* _ACTIVITY_:
Would you return the lines between the one holding "Schwarzes Sommerkleid Sommerkleider" and the one holding "Enameled roadrunner locket pendant necklace", inclusive, and only those, exactly as they stand in the listing below?

* _DATA SHOWN_:

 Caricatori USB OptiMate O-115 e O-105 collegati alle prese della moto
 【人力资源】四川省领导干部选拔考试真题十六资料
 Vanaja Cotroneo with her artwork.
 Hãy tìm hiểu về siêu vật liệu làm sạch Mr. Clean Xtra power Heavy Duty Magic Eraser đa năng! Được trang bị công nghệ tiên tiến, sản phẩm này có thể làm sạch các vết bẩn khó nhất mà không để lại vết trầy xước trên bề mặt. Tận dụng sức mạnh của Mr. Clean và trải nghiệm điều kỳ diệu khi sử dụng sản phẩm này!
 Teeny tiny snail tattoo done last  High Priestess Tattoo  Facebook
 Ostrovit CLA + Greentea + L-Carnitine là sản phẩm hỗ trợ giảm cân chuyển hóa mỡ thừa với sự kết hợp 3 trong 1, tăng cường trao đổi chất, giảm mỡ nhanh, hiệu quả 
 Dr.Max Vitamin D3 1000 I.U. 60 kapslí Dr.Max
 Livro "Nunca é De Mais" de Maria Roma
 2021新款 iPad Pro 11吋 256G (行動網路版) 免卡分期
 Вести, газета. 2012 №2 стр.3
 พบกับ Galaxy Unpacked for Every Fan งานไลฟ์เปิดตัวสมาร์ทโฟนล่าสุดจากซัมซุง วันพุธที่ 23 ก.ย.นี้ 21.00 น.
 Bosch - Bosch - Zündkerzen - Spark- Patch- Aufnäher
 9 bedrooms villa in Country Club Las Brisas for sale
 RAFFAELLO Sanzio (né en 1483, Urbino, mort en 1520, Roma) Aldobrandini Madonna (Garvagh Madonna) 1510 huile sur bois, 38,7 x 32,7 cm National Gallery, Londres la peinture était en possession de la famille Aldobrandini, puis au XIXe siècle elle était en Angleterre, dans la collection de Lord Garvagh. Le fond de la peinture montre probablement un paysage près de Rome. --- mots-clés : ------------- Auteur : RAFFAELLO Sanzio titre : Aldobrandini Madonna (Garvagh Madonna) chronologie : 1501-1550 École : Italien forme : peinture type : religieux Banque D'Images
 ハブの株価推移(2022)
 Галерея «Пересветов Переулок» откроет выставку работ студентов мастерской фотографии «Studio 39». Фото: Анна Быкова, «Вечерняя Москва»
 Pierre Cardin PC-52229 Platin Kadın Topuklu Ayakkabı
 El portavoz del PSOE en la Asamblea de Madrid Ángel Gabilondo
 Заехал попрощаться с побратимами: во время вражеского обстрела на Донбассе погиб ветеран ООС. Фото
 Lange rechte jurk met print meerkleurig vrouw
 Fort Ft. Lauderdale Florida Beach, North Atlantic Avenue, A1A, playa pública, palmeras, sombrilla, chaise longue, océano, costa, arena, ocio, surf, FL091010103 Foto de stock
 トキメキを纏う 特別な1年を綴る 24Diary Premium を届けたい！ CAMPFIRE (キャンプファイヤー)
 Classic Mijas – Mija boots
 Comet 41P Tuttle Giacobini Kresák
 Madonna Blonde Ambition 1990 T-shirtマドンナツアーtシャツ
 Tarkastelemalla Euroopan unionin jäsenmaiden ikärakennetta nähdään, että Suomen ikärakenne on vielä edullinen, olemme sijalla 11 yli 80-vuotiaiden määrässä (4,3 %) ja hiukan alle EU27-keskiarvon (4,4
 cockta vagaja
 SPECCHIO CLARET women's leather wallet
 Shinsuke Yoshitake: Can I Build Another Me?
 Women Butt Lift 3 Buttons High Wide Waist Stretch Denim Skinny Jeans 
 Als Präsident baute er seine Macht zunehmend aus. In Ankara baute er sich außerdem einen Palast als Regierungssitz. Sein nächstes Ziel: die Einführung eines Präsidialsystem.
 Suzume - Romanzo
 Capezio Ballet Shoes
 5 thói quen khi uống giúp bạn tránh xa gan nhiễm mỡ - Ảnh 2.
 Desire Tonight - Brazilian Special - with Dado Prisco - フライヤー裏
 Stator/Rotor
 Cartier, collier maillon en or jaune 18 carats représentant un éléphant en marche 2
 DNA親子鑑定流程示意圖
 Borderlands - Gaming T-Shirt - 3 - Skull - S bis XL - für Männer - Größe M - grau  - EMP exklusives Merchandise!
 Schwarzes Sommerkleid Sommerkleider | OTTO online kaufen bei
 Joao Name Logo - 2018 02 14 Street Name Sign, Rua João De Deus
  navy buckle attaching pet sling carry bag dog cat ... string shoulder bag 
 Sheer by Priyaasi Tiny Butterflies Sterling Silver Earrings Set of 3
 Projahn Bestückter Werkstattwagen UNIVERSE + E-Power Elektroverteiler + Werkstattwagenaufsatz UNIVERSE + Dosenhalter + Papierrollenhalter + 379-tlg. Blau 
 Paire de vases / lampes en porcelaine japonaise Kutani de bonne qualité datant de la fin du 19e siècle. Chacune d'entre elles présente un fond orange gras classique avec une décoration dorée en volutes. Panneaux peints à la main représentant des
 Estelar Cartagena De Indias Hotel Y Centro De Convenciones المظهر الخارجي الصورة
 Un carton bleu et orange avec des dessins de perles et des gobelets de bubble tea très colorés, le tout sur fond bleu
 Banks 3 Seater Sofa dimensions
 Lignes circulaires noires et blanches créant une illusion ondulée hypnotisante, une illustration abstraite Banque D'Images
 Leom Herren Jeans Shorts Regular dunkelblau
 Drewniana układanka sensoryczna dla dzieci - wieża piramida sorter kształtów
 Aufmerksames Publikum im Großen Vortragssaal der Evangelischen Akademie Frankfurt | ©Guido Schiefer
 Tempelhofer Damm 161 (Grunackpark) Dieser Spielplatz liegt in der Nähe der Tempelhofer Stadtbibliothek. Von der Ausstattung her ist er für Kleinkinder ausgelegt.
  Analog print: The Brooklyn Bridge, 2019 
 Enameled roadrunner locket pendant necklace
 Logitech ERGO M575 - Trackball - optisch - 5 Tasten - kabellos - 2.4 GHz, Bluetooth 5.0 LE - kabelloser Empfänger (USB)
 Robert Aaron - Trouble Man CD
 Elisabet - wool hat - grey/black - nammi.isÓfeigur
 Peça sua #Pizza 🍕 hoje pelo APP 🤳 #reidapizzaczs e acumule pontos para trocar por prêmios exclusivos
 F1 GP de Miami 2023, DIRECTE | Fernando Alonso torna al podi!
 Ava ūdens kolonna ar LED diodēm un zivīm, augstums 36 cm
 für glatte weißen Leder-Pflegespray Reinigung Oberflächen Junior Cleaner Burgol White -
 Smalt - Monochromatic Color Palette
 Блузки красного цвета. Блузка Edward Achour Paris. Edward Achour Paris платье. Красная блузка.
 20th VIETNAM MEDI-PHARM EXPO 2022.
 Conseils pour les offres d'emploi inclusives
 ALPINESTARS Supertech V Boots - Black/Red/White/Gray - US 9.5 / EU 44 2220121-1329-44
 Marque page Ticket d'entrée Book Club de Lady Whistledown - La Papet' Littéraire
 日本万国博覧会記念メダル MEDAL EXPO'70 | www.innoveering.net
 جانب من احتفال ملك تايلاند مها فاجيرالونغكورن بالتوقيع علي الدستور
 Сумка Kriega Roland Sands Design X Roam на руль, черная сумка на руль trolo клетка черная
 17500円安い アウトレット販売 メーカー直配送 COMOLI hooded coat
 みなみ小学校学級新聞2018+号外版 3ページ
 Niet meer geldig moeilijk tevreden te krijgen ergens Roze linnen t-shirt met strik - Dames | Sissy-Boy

* _TASK RESPONSE_:
 Schwarzes Sommerkleid Sommerkleider | OTTO online kaufen bei
 Joao Name Logo - 2018 02 14 Street Name Sign, Rua João De Deus
  navy buckle attaching pet sling carry bag dog cat ... string shoulder bag 
 Sheer by Priyaasi Tiny Butterflies Sterling Silver Earrings Set of 3
 Projahn Bestückter Werkstattwagen UNIVERSE + E-Power Elektroverteiler + Werkstattwagenaufsatz UNIVERSE + Dosenhalter + Papierrollenhalter + 379-tlg. Blau 
 Paire de vases / lampes en porcelaine japonaise Kutani de bonne qualité datant de la fin du 19e siècle. Chacune d'entre elles présente un fond orange gras classique avec une décoration dorée en volutes. Panneaux peints à la main représentant des
 Estelar Cartagena De Indias Hotel Y Centro De Convenciones المظهر الخارجي الصورة
 Un carton bleu et orange avec des dessins de perles et des gobelets de bubble tea très colorés, le tout sur fond bleu
 Banks 3 Seater Sofa dimensions
 Lignes circulaires noires et blanches créant une illusion ondulée hypnotisante, une illustration abstraite Banque D'Images
 Leom Herren Jeans Shorts Regular dunkelblau
 Drewniana układanka sensoryczna dla dzieci - wieża piramida sorter kształtów
 Aufmerksames Publikum im Großen Vortragssaal der Evangelischen Akademie Frankfurt | ©Guido Schiefer
 Tempelhofer Damm 161 (Grunackpark) Dieser Spielplatz liegt in der Nähe der Tempelhofer Stadtbibliothek. Von der Ausstattung her ist er für Kleinkinder ausgelegt.
  Analog print: The Brooklyn Bridge, 2019 
 Enameled roadrunner locket pendant necklace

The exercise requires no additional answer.